The state legislature is not entirely foolish. They've seen booms and busts before and they can pretty much be counted on to not fuck that up. Our governor is an idiot who only asks for a color preference when an oil man says "shit" but even he's not going to misbehave in a bust.

I have to wonder, though, what's going to happen to the commercial sector. Larger cities/towns like Dickinson, Williston, Killdeer and Watford City will likely stabilize at a population level that, while higher than pre-boom population or expected growth, is not nearly enough to feed the businesses that grew up around the boom.

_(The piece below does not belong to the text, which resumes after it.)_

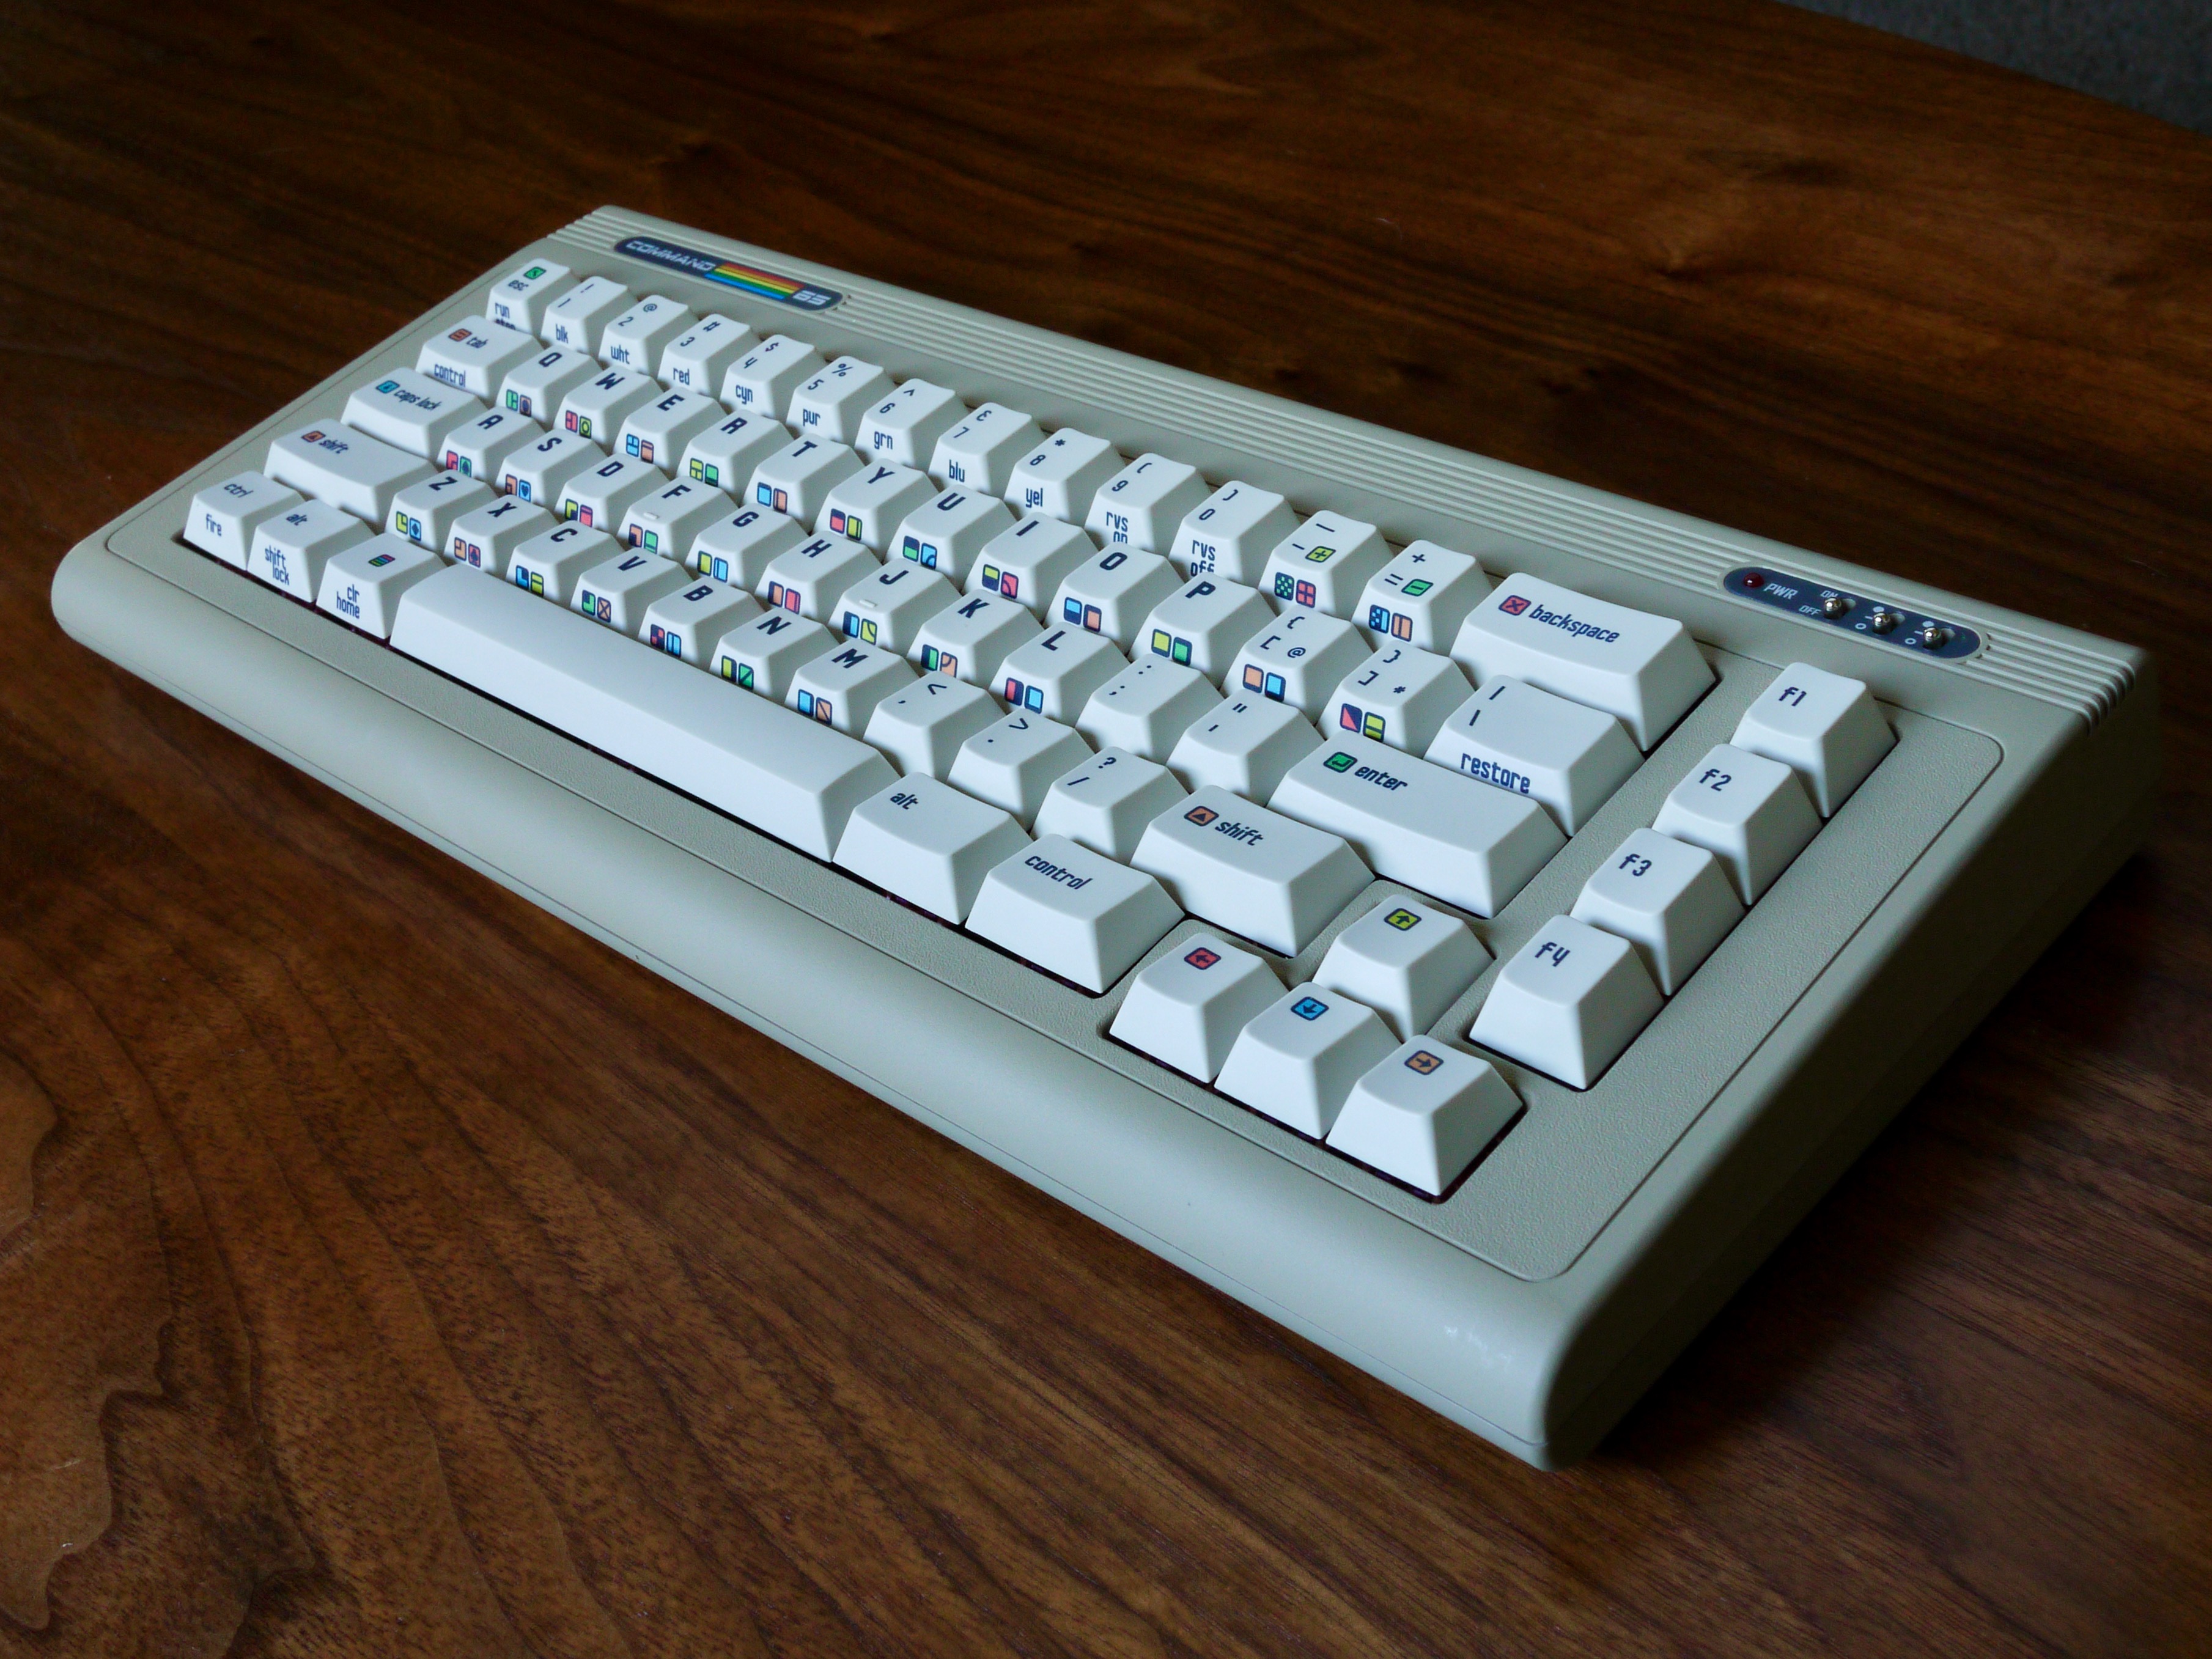 Command 65 mechanical keyboard

If anyone wants to see some scary numbers, check out slide 12 in this presentation from the City of Dickinson, ND. Estimated 40% population growth in two years. 216% increase in number of hotel rooms. Sales tax revenue more than doubled.
posted by nathan_teske at 3:31 PM on January 19, 2015 [1 favorite]

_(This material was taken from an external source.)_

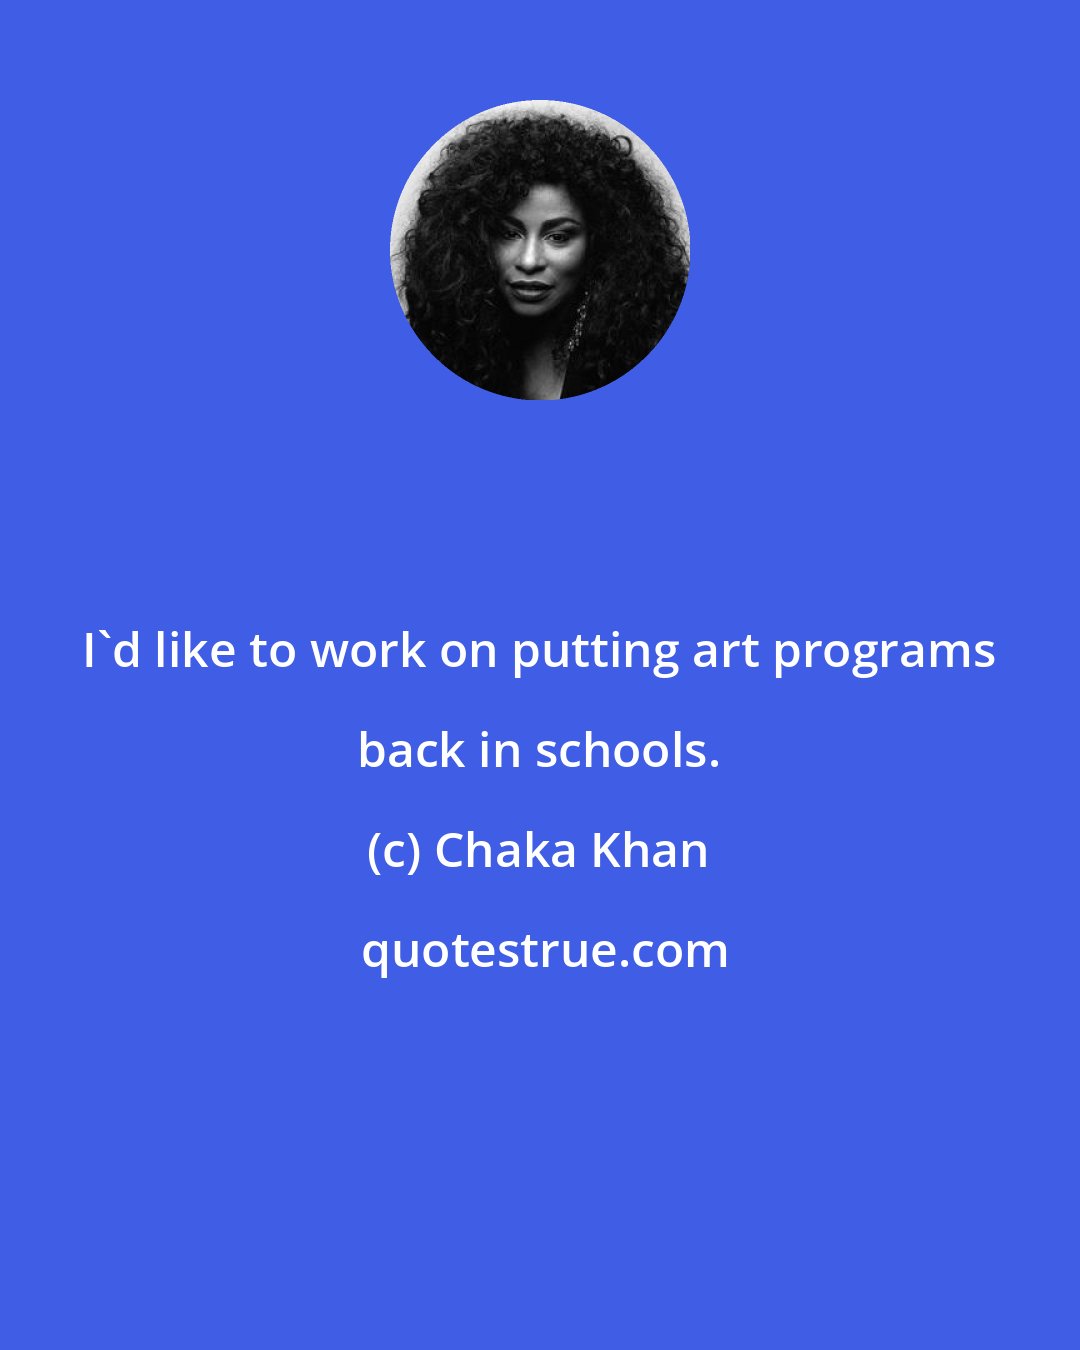 Chaka Khan: I'd like to work on putting art programs back in schools.

For all the people who profit or love people who profit from energy extraction: Do you have any idea how oil booms deform the body politic? How obnoxious it is to have to take idiots like George W Bush and Rick Perry seriously as politicians because their asses happened to sit above oil? How in America the entire nearly forgotten ethic of Yankee ingenuity has been overshadowed by the (Southern/racist) ethic of extraction and inherited mineral wealth? Wars begun for the sake of Halliburton? Internationally and religiously how blasphemous it is that the diversity of local Islamic traditions and thought has been distorted by Saudi oil money supporting the Wahabist/Salafists? The conscious and voluntary stupidity of the "gigantic pickup" ethos as a measure of manliness and sixty years of building car-centric suburbs? Let the Saudis pump, so that this country can wake up from the delusions that have clouded its mind since the 70s oil shocks.
posted by Captain l'escalier at 3:54 PM on January 19, 2015 [19 favorites]


$30/bbl oil isn't going to negatively impact the gigantic pickup or suburb living crowd.
posted by Mitheral at 4:24 PM on January 19, 2015


Good news for Tx. Democrats if they can seize upon the advantages presented by a wobbly economy.

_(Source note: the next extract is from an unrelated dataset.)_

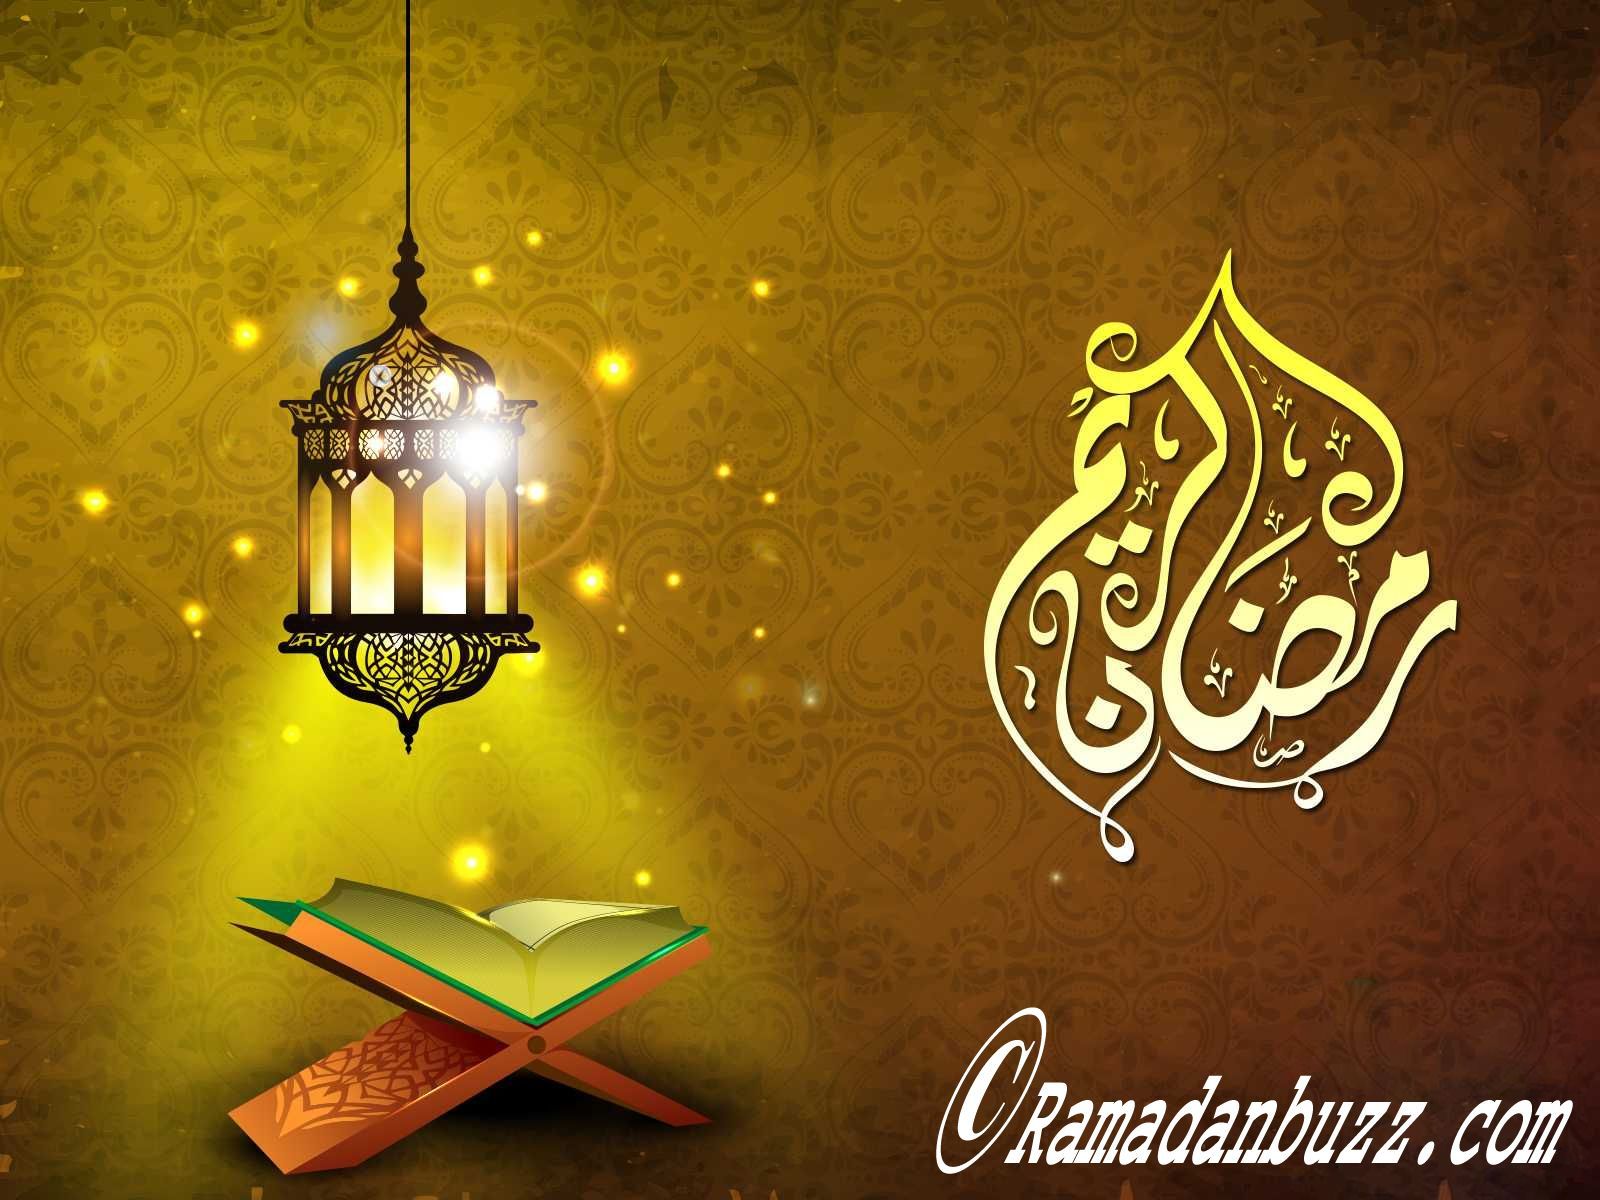 Ramadan Image Wallpaper HD, Ramzan image 2020. Ramadan image

Doubt that. Hard times seems to encourage xenophobia and "fuck you, I got mine"-ism. The Democratic party is probably not the party best positioned to take advantage of that.
posted by ctmf at 4:26 PM on January 19, 2015 [4 favorites]


I don't understand what the Saudis are hoping to accomplish here. Whether they're trying to kill North American fracking/tar sands or stop electric car development, they're not going to destroy either one. They may delay it a while, but, once the price of oil goes back up, which it is certain to do, both of those activities will come back online, and they'll be right back where they started.
posted by InsertNiftyNameHere at 4:56 PM on January 19, 2015


Ber and anyone else that's out there: How's it going?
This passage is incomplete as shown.